Here is how my code looks like:
import org.jboss.resteasy.core.Dispatcher;
import org.jboss.resteasy.mock.MockDispatcherFactory;
import org.jboss.resteasy.mock.MockHttpRequest;
import org.jboss.resteasy.mock.MockHttpResponse;
import org.jboss.resteasy.plugins.server.resourcefactory.POJOResourceFactory;
import org.jboss.resteasy.spi.ResteasyProviderFactory;
import org.jboss.seam.mock.MockHttpServletRequest;
import org.jboss.seam.mock.DBUnitSeamTest;
public class Test extends DBUnitSeamTest{
#Test
public void test() throws Exception {
Dispatcher dispatcher = MockDispatcherFactory.createDispatcher();
POJOResourceFactory noDefaults = new POJOResourceFactory(ClasstoBeTested.class); dispatcher.getRegistry().addResourceFactory(noDefaults);
MockHttpRequest request = MockHttpRequest.get("/serviceToBeTested/1961");
MockHttpResponse response = new MockHttpResponse();
HttpServletRequest servletRequest = new MockHttpServletRequest(getSession());
ResteasyProviderFactory.getContextDataMap().put(HttpServletRequest.class, servletRequest);
dispatcher.invoke(request, response);
Assert.assertEquals(HttpServletResponse.SC_OK, response.getStatus());
Assert.assertTrue(response.getContentAsString().contains("1961"));
}
}
I just got hit by this again on another project and decided to investigate once more.
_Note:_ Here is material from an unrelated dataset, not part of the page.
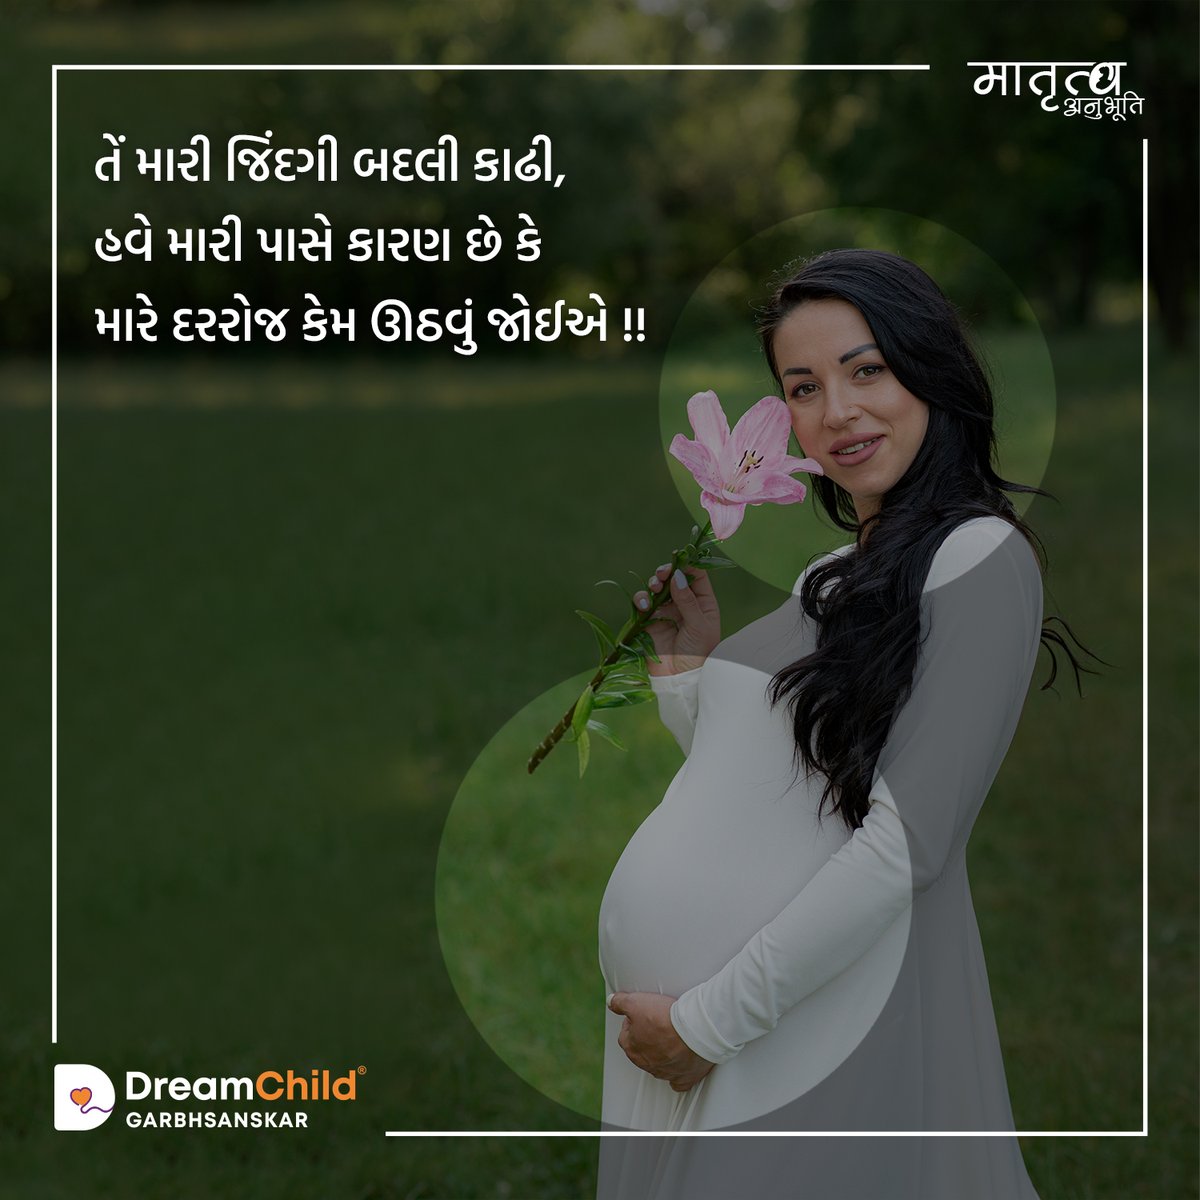 સ્નેહસભર સંતાન પ્રેમ દર્શાવતાં માતૃત્વ અનુભૂતિ વાક્યો. - માતૃત્વ અનુભૂતિ વાક્ય – 👉🏻 Monday for Mothers!! #motherhood #children #love #mum #beautiful #motherlove #pregnancy #pregnant #dreamchild #garbhsanskar #dreamchildapp
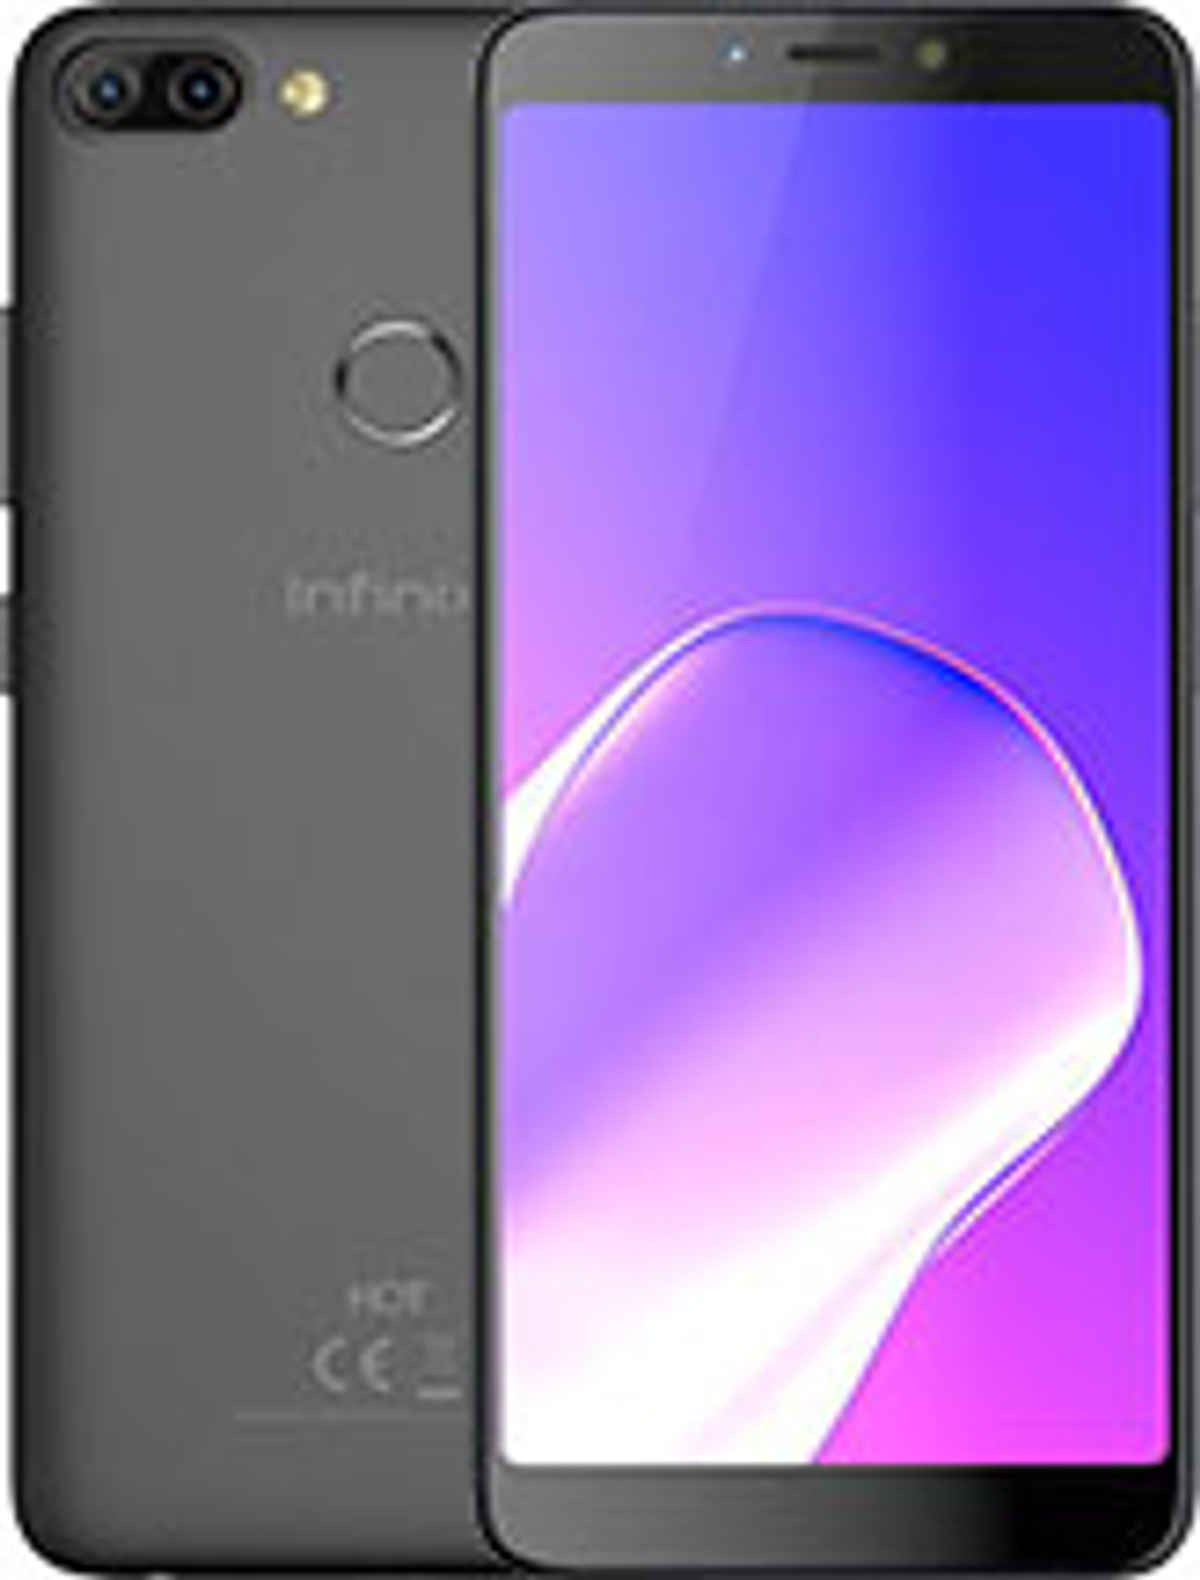 Best Infinix Phones In India 15 July 2020 Latest Smartphones

The issue is that in a mock request with Netty, there is no HttpServletRequest available. If you look into the sources of NettyJaxrsServerand related classes, Reasteasy uses its own abstraction for http requests that do not implement HttpServletRequest.
If I change my implementation to use these abstractions, I can access request and response in my resource.
import org.jboss.resteasy.spi.HttpRequest;
import org.jboss.resteasy.spi.HttpResponse;
#GET
#Path("/")
public void example(#Context HttpResponse response,
#Context HttpRequest request) { ... }
This is not perfect, because it makes my resources depend on Resteasy interfaces but I decided to go with it for now to support mock testing of multipart data.